Registered: Aug 2009
Posts: 228

Rep: Reputation: 30
File manipulation?


Dear All
From my previous posts, I learned on how to modify my text file to filter out undesired ones. I need to know how to find the number of occurances of distinct records in my text file. Please find attached my text file. Can you please show me the power of my Linux on file manipulation issues?
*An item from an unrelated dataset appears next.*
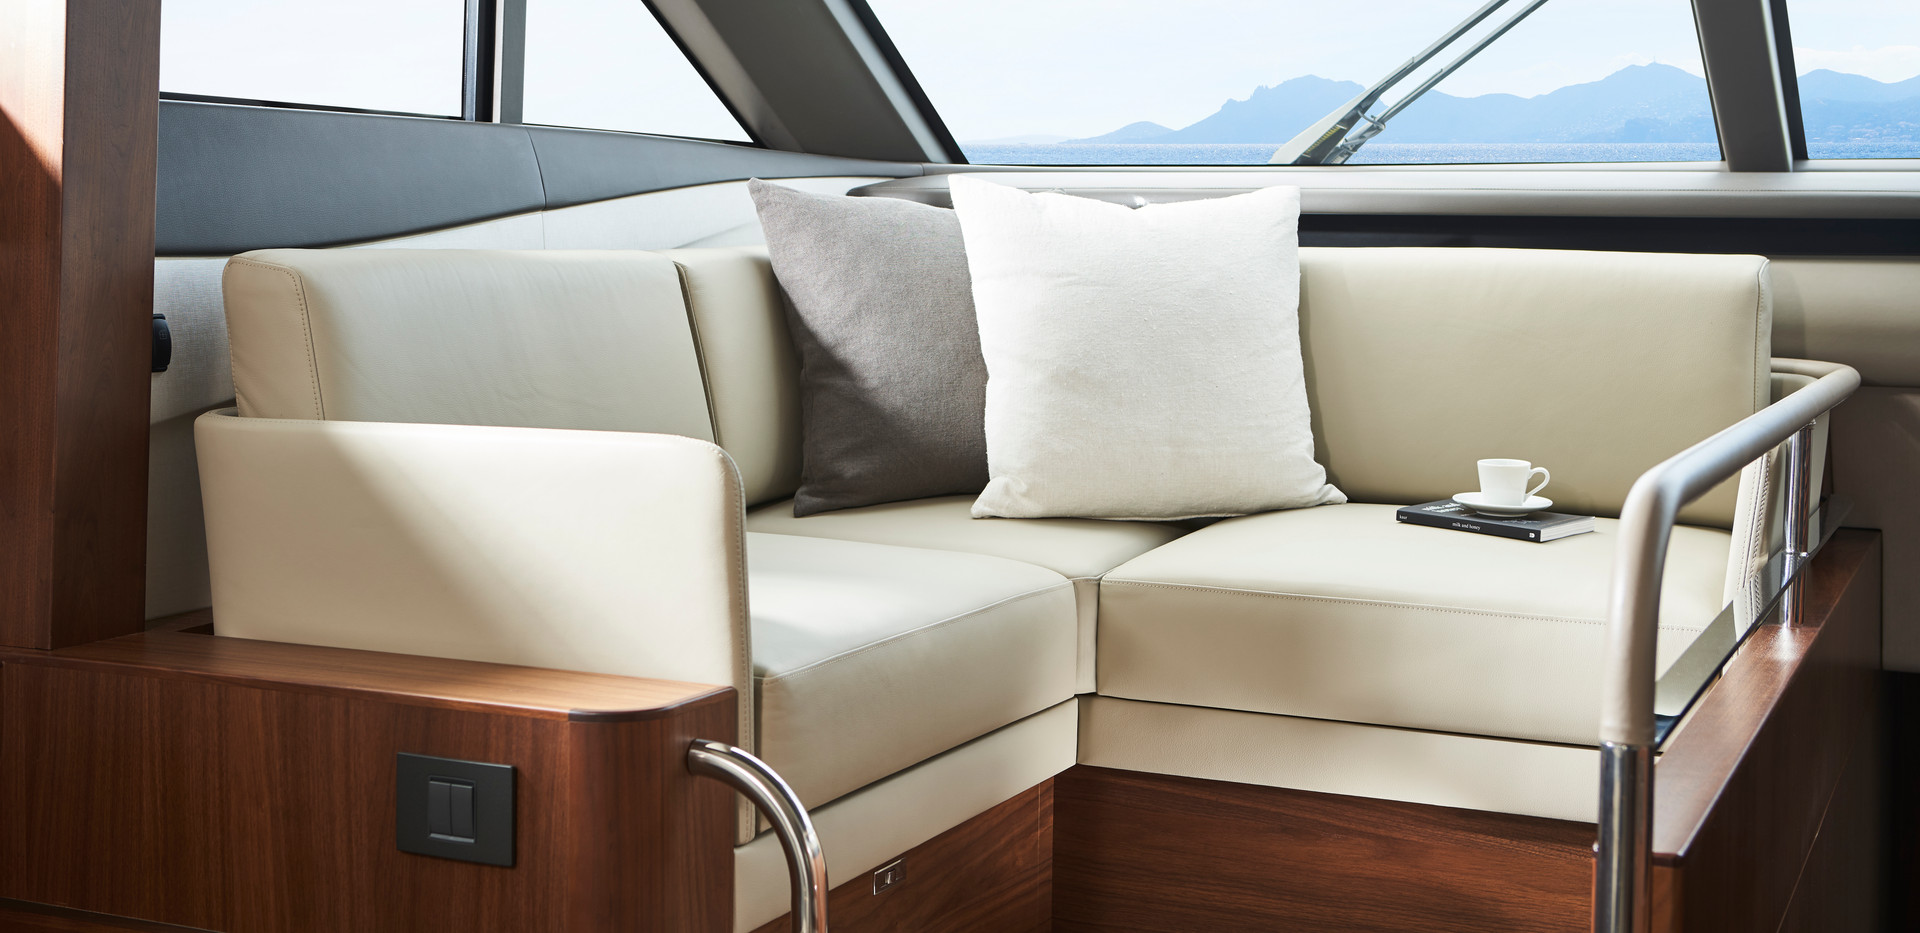 y78-interior-helm-companion-seating-waln

Actually, I want to find the number of occurances of distinct CallId in my logfile.
Attached Files
File Type: txt logfile4.txt (152.1 KB, 14 views)
 
Old 05-12-2010, 05:46 AM   #2
PMP
Member
 
Registered: Apr 2009
Location: ~
Distribution: RHEL, Fedora
Posts: 381

Rep: Reputation: 58
From what I understood !!

This will count number of uniquer CallIs
Code:
cut -d" " -f2 <log_filename>  | sort -u | wc -l
 
Old 05-12-2010, 06:01 AM   #3
grail
LQ Guru
 
Registered: Sep 2009
Location: Perth
Distribution: Manjaro
Posts: 9,552

Rep: Reputation: 2898Reputation: 2898Reputation: 2898Reputation: 2898Reputation: 2898Reputation: 2898Reputation: 2898Reputation: 2898Reputation: 2898Reputation: 2898Reputation: 2898
Code:
awk 'END{print NR}' logfile4.txt
 
Old 05-12-2010, 06:04 AM   #4
PMP
Member
 
Registered: Apr 2009
Location: ~
Distribution: RHEL, Fedora
Posts: 381

Rep: Reputation: 58
@ grail

This will not give you the unique count, as I understood OP want count of unique Callids
 
Old 05-12-2010, 06:52 AM   #5
hadimotamedi
Member
 
Registered: Aug 2009
Posts: 228

Original Poster
Rep: Reputation: 30
I am getting two different results from the following two codes :
#awk '{print $2}' logfile4 | sort -u | wc -l
#cut -d " " -f2 logfile4 | sort -u | wc -l
In your opinion , which one is correct?
 
Old 05-12-2010, 07:17 AM   #6
PMP
Member
 
Registered: Apr 2009
Location: ~
Distribution: RHEL, Fedora
Posts: 381

Rep: Reputation: 58
What is the difference ?
 
Old 05-12-2010, 07:22 AM   #7
__raHulk
Member
 
Registered: Apr 2010
Location: Mumbai
Distribution: RHEL, Debian, Fedora, Ubuntu
Posts: 39
Blog Entries: 1

Rep: Reputation: 16
The correct answer is the one with awk
ie. ~~>"awk '{print $2}' logfile4 | sort -u | wc -l"<~~

The manner in which cut is used above fails for the below given lines where the second field starts after "two" blank spaces after the first field ends; whereas awk simply ignores the consecutive blank spaces while separating the columns.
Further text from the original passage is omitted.